As best as I can tell, Twisted Web expects the developer to write the application object. It will get called from the WSGIResponse run() method in twisted.web.wsgi. As its documentation says, Twisted Web is “a framework for doing things with the web” but is “not a ‘web framework’ in the same sense” as Django, so it doesn’t fit well in this comparison.

Pyramid‘s Router class (in pyramid.router) is what implements the WSGI callable. The Router instance gets created from the Configurator class’s make_wsgi_app() method. Select Router attributes and methods:

  • logger
  • root_factory
  • routes_mapper
  • request_factory
  • registry (from args)
  • handle_request()

In CherryPy, the Application class is the application object, although it’s not generallly used directly. Instead a user root object is mounted on a Tree which is a registry of these applications. Major attributes and methods:

  • root (from args): root object (application handler)
  • namespaces, config: for configuration
  • wsgiapp(): a CPWSGIApp instance, to handle apps in a pipeline

Being a support library, Werkzeug doesn’t include an application object, but it has a sample in its Shortly example. Major attributes and methods:

  • dispatch_request(): dispatcher
  • jinja_env: template enviroment
  • url_map: Map() taking list of Rule()’s
  • error_404(): error handler
  • render_template(): template renderer

Like Django, Web2py isn’t interested in having developers worry about the application object. Its WSGI callable is the standalone wsgibase() function, in gluon.main.

The web.py application class (yes, not capitalized) implements its WSGI callable. Major attributes and methods:

  • autoreload (from args)
  • init_mapping (from args)
  • request()
  • handle(): matches path to mapping
  • run(): runs the developer server
  • notfound(), internalerror(): error handlers

Flask‘s Flask class is its application object, derived from flask.helpers._PackageBoundObject.
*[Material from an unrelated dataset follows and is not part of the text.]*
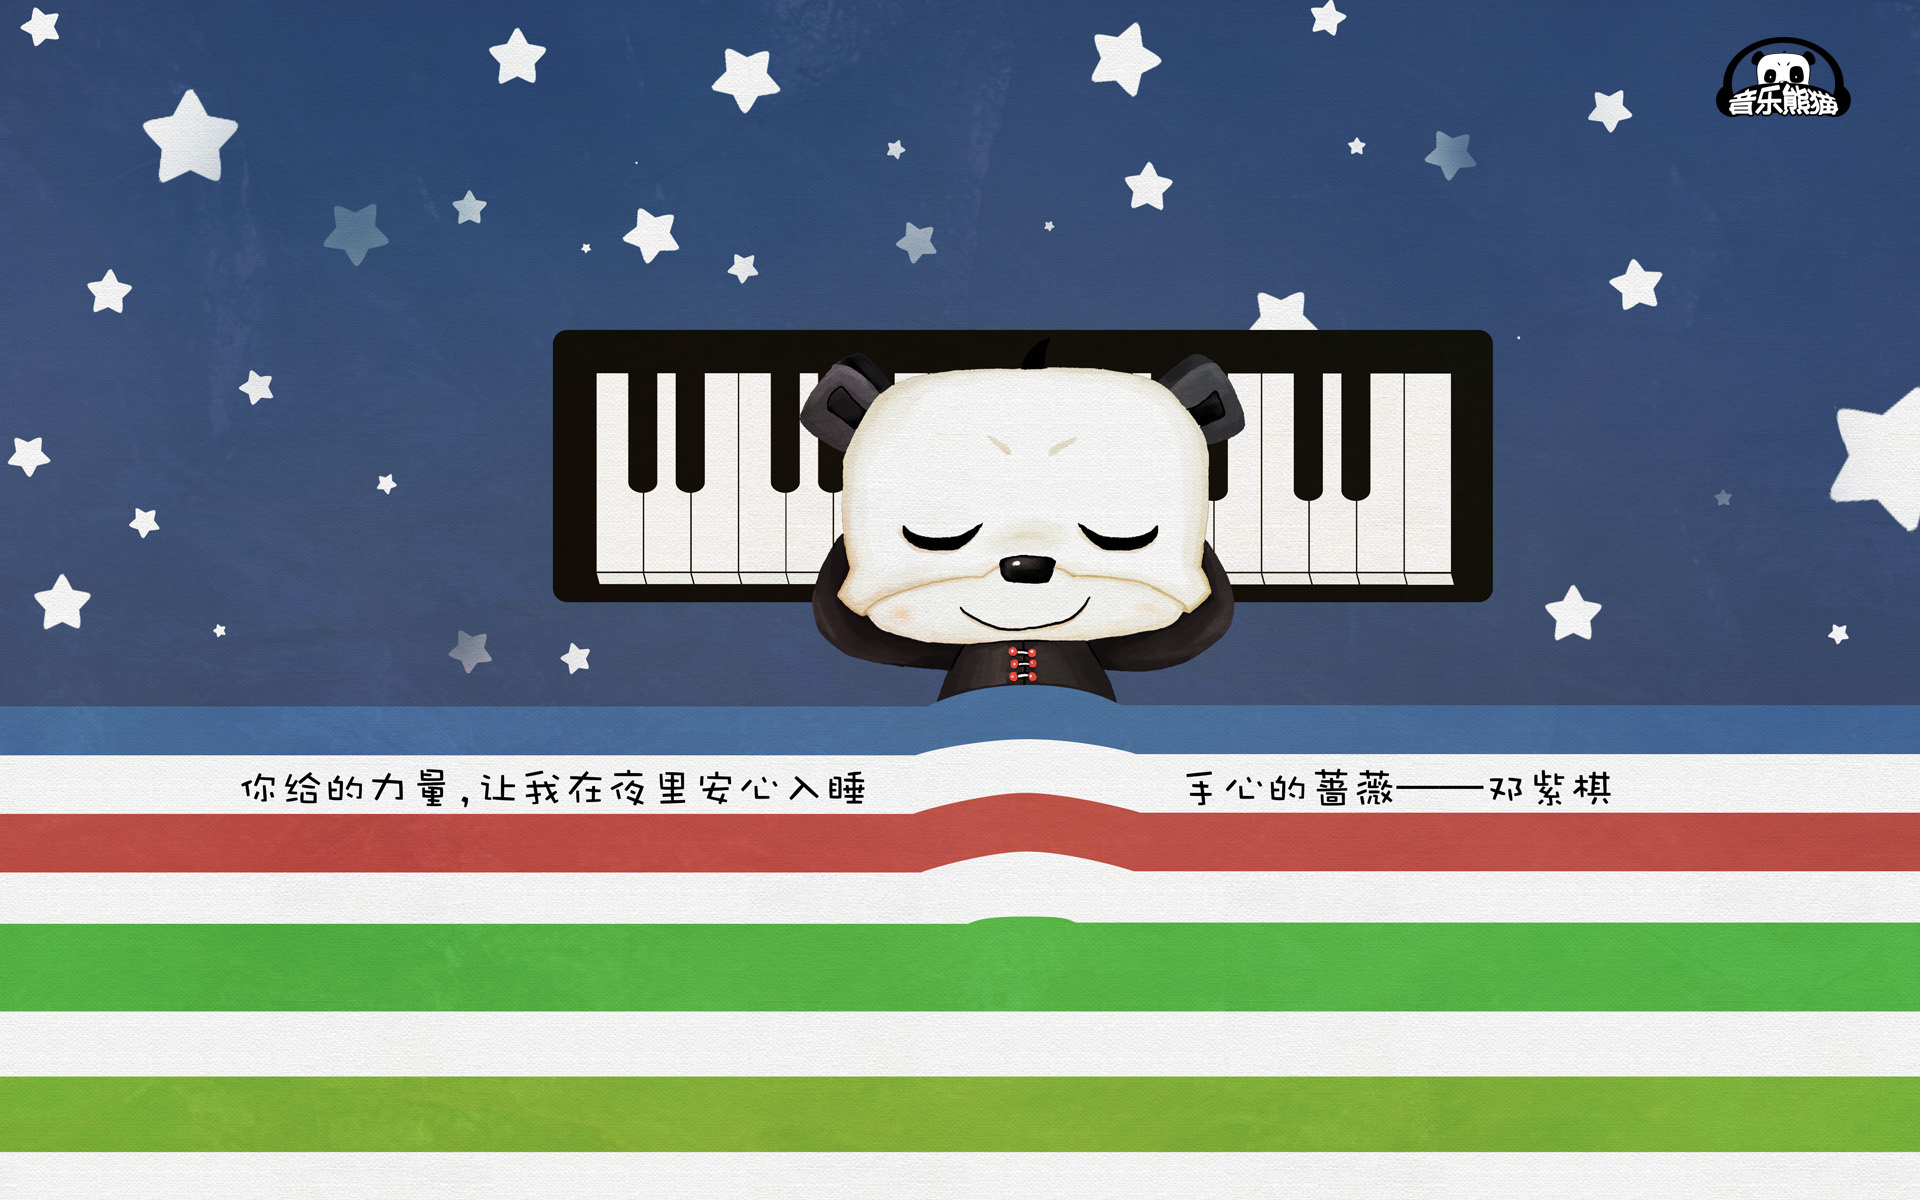 音乐熊猫滚滚 可爱卡通宽屏壁纸(壁纸1)

Selected attributes and methods (in addition to those in Werkzeug’s example above):

  • static_url_path, static_folder (from args)
  • instance_path (from args or auto-determined)
  • view_functions
  • before/after_xxx_funcs (dicts)
  • logger
  • run()
  • route(): decorator for URL rules
  • error_handler_spec (a dict)
  • errorhandler(): decorator for error handler functions

Like Werkzeug, WebOb doesn’t include an application object, but it has a sample in its wiki example, most of it very specific to the example.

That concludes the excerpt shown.